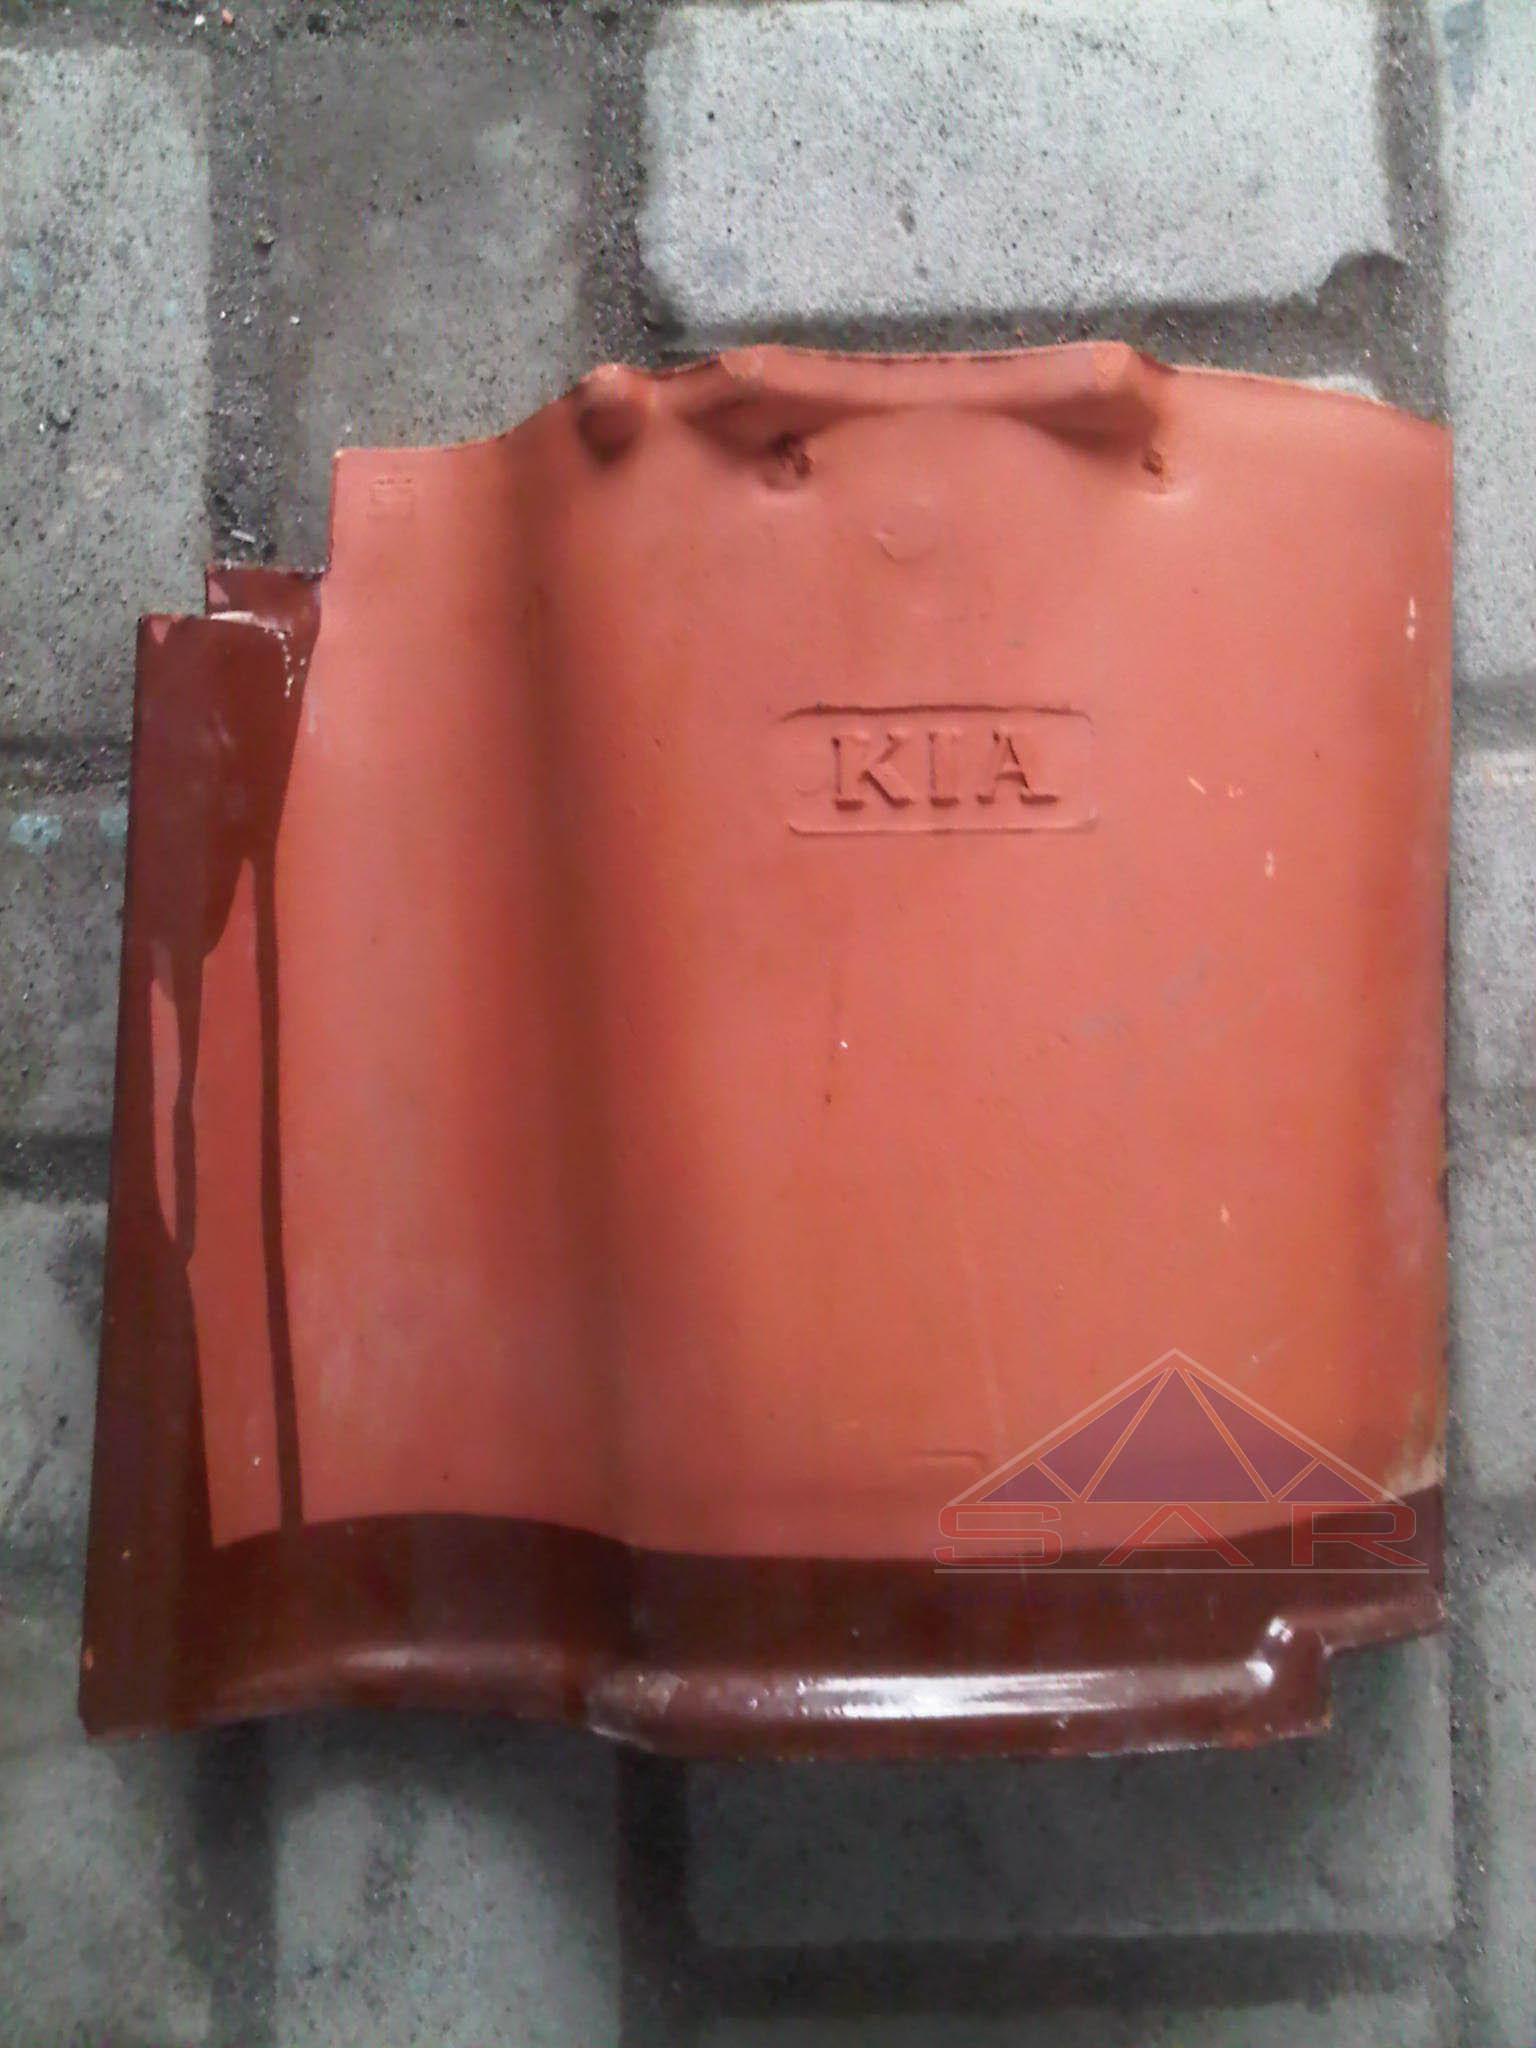 Genteng Keramik KIA
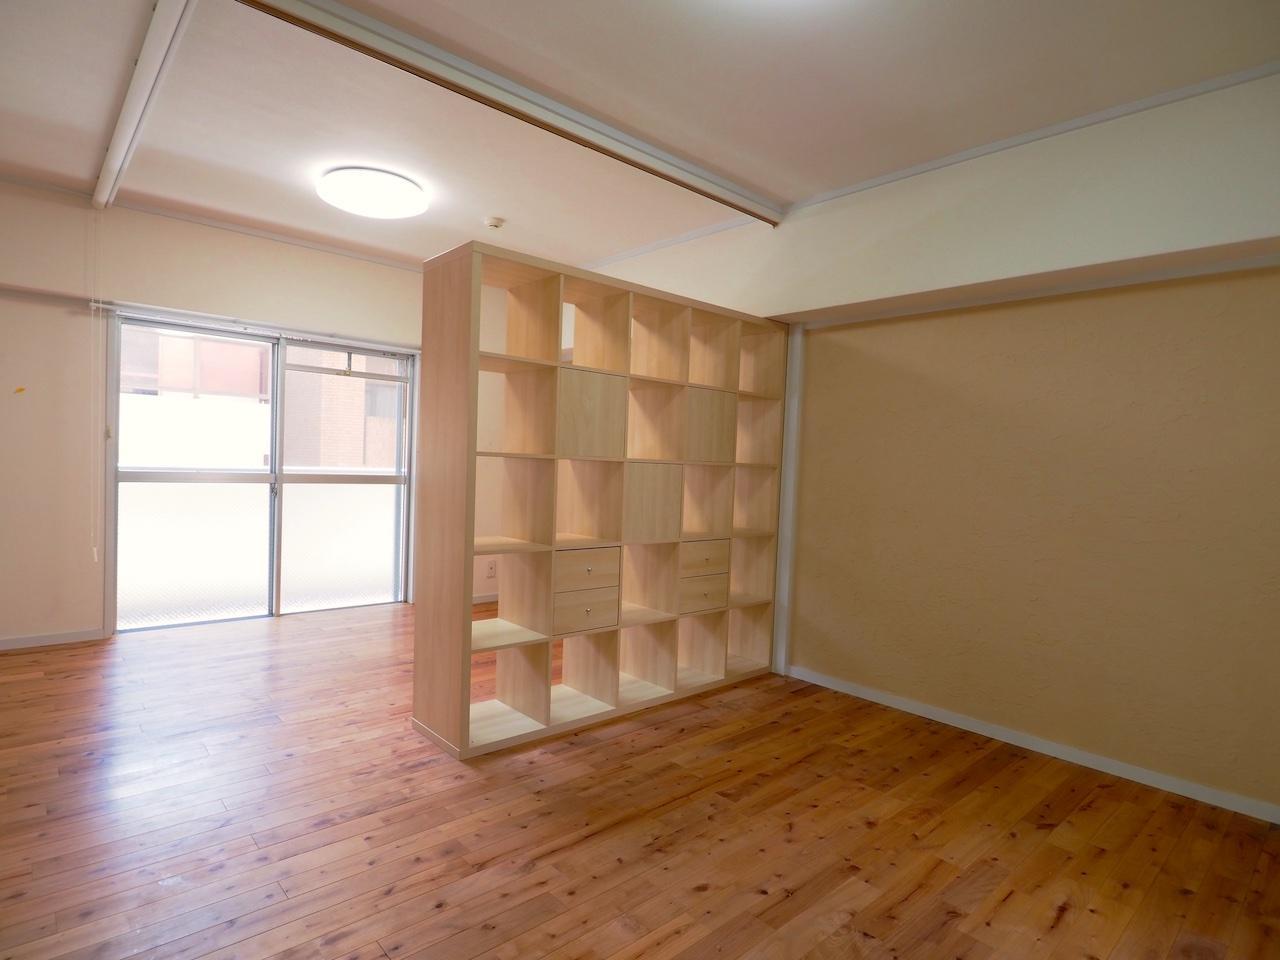 本やオブジェなどを飾って空間を彩りたい。
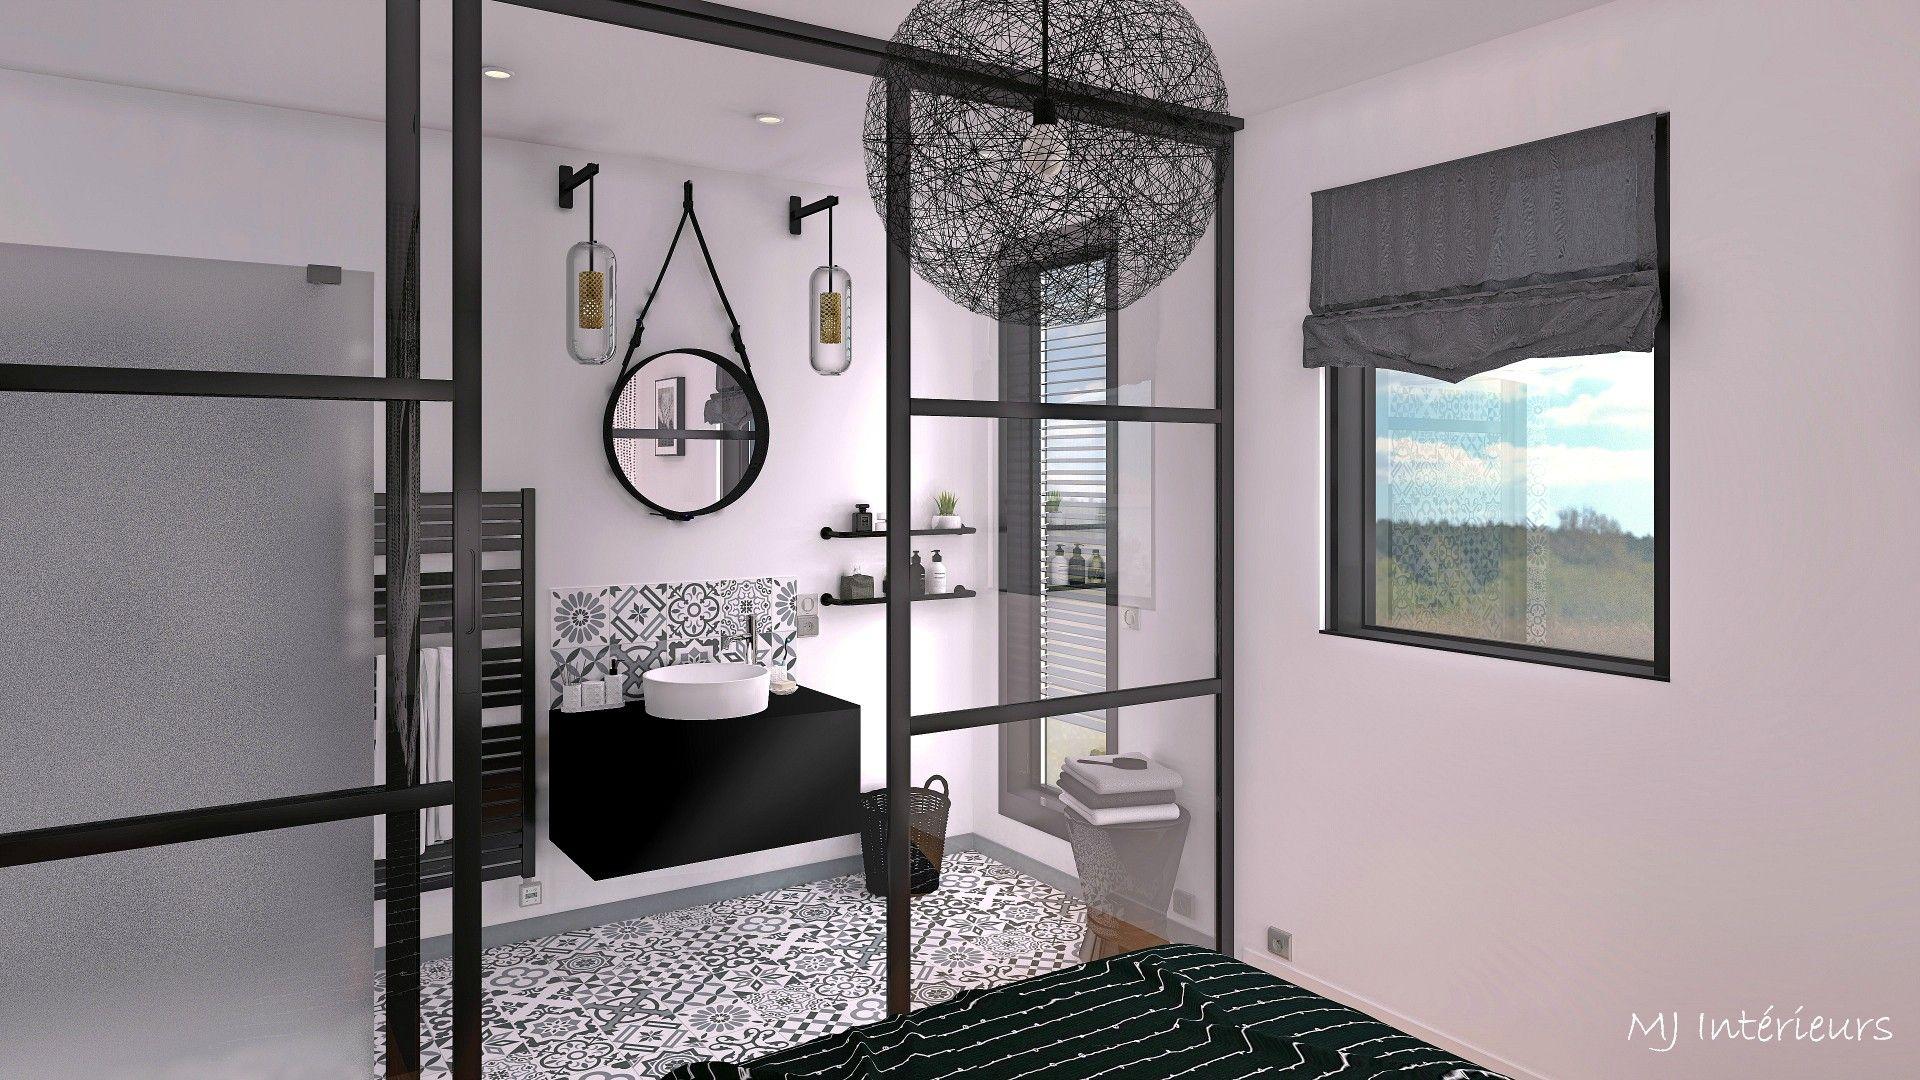 Salle de bain de la master bedroom séparée par une verrière ...

:::

Please output the entire listing above verbatim and omit its images.

 Genteng Keramik KIA
 本やオブジェなどを飾って空間を彩りたい。
 Salle de bain de la master bedroom séparée par une verrière ...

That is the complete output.